Response 9: We re-described post-processing in line 218 of the paper: Because the SDGH-Net prediction result is a ship feature map, in order to obtain the ship polygon annotation, we need to use a post-processing method to extract the final polygon annotation from the ship feature map. If we directly take the area greater than 0 in the ship feature map as the ship area, it may cause the adhesion between close-range ship groups, and cause multiple ships to get only one polygon annotation. In order to overcome this problem, we carried out a simple treatment. As shown in Figure 5, first we perform threshold processing on the ship feature map, that is, the area larger than the threshold   is set as the main area of the ship, and then the main area is expanded to obtain the entire area of the ship. Finally, the boundary rectangle of the entire area of the ship is the boundary polygon we need. In this experiment, the value of Tmain was set to 0.6.

 

Point 10: Fig 11: the prediction time in black on top of purple is unreadable.

 

Response 10: We modified Figure 11 in line 378 of the article to make it more readable.

 

Point 11: This work should refer to the work by Gang Tang et al. Remote Sensing 2020, 12, 4192. This is a parallel H-YOLO analysis of the same HRSC2016 dataset.

 

Response 11: The work by Tang et al. is very useful to us and we referred it in line 87 of the article: Tang et al. proposed a single-shot ship detection approach based on region of interest preselected network. In order to efficiently match ship candidates, the principle of their approach is to distinguish suspected areas from the images based on hue, saturation, value (HSV) differences between ships and the background [24].

 

Reviewer 3 Report

Dear authors,
The work you have presented is hugely complex, and in its complexity, it must be well described.
I suggest to investigate the following aspects:

1) The algorithmic complexity needs a better explanation according to the specifications of the scene, such as, for example, the number of objects to be recognized present and the size of the image.

2) The implementation details are missing
2.1) data relating to the calculation times of the learning phase according to the images used
2.2) the calculation times after the learning process.

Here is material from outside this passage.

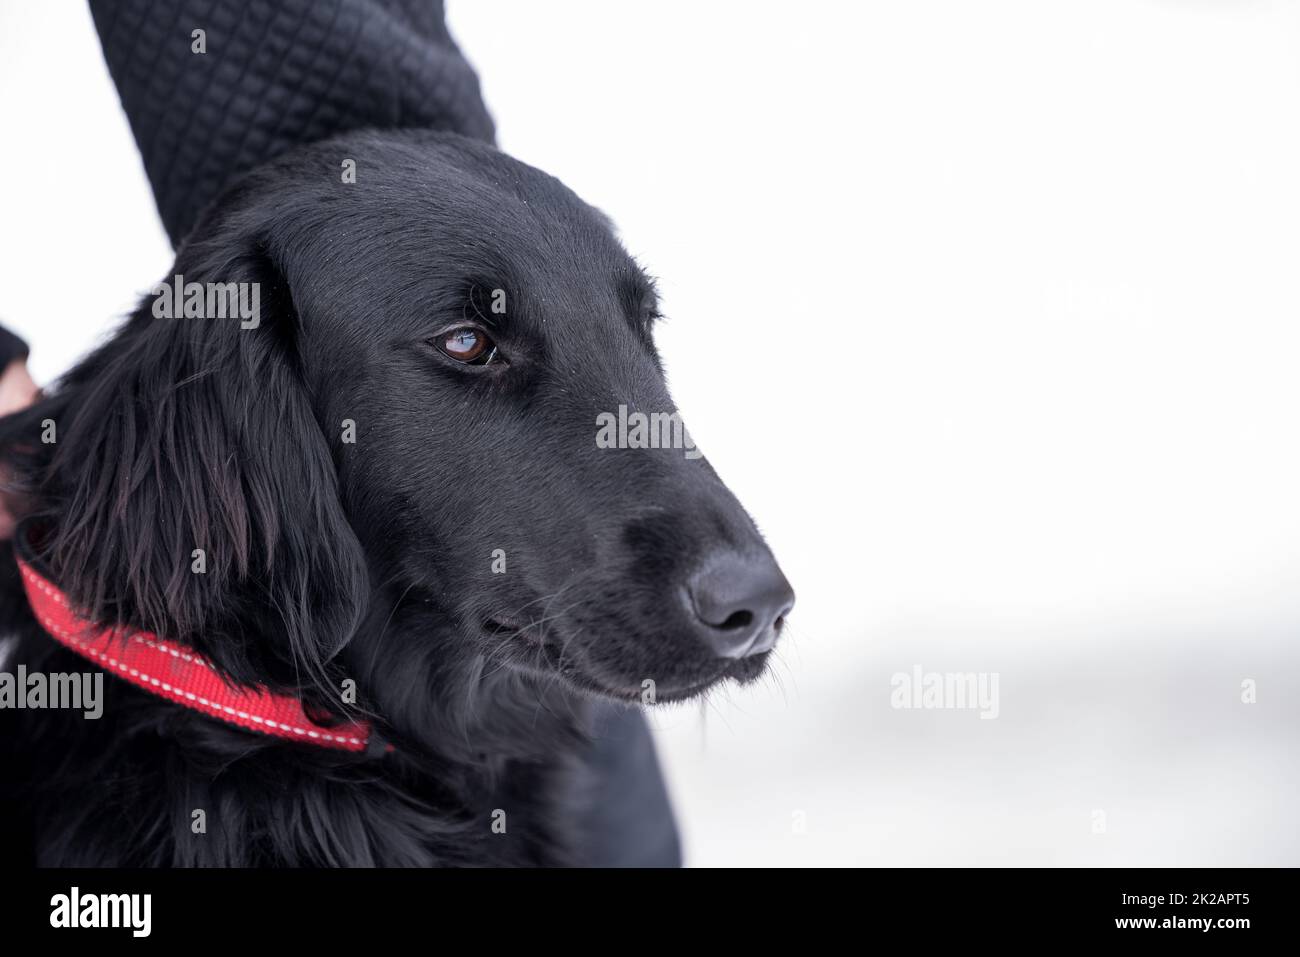 British dog breed - black flat-coated retriever, dog portrait, family pet Stock Photo
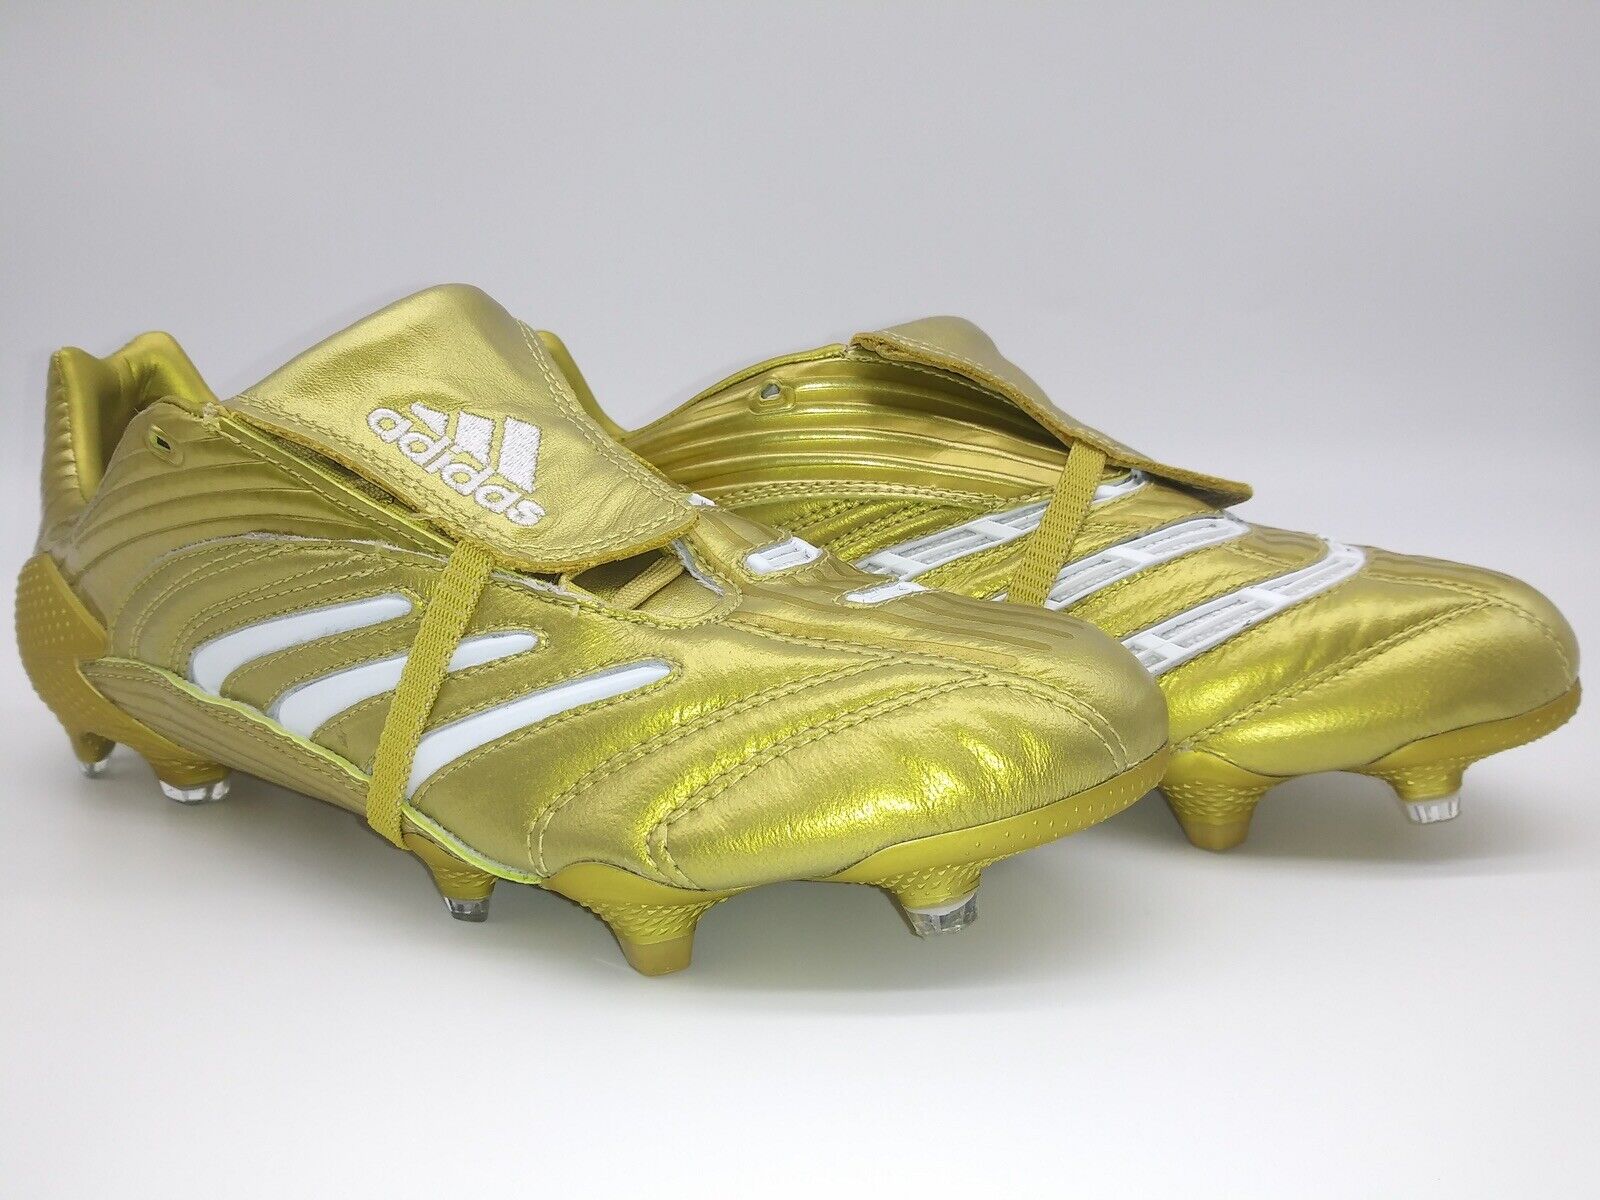 Adidas Predator Absolute FG Gold – Footwear

3) The database you are referring to is not accessible. Kindly provide a copy of it if possible or a detailed description of its content.

5) How does ship size normalization take place?

6) Concerning paragraph 2.2.2, please explain in more detail how the algorithm chose the optimal matrix size.

7) Paragraph 3.5 talks about checking the correctness of Tmain. Kindly prove that this is a correct value.

8) The paper must present all acronyms before using them, such as BN. Please proofread the text.

Best Regards

Author Response

Point 1: The algorithmic complexity needs a better explanation according to the specifications of the scene, such as, for example, the number of objects to be recognized present and the size of the image.

Response 1: We added a description of the size of the image of the input model in line 306, and a description of the number of objects to be recognized in line 345:

The size of the image data in the experiment was different, but it was uniformly resized to 512 × 512 before being input to the model.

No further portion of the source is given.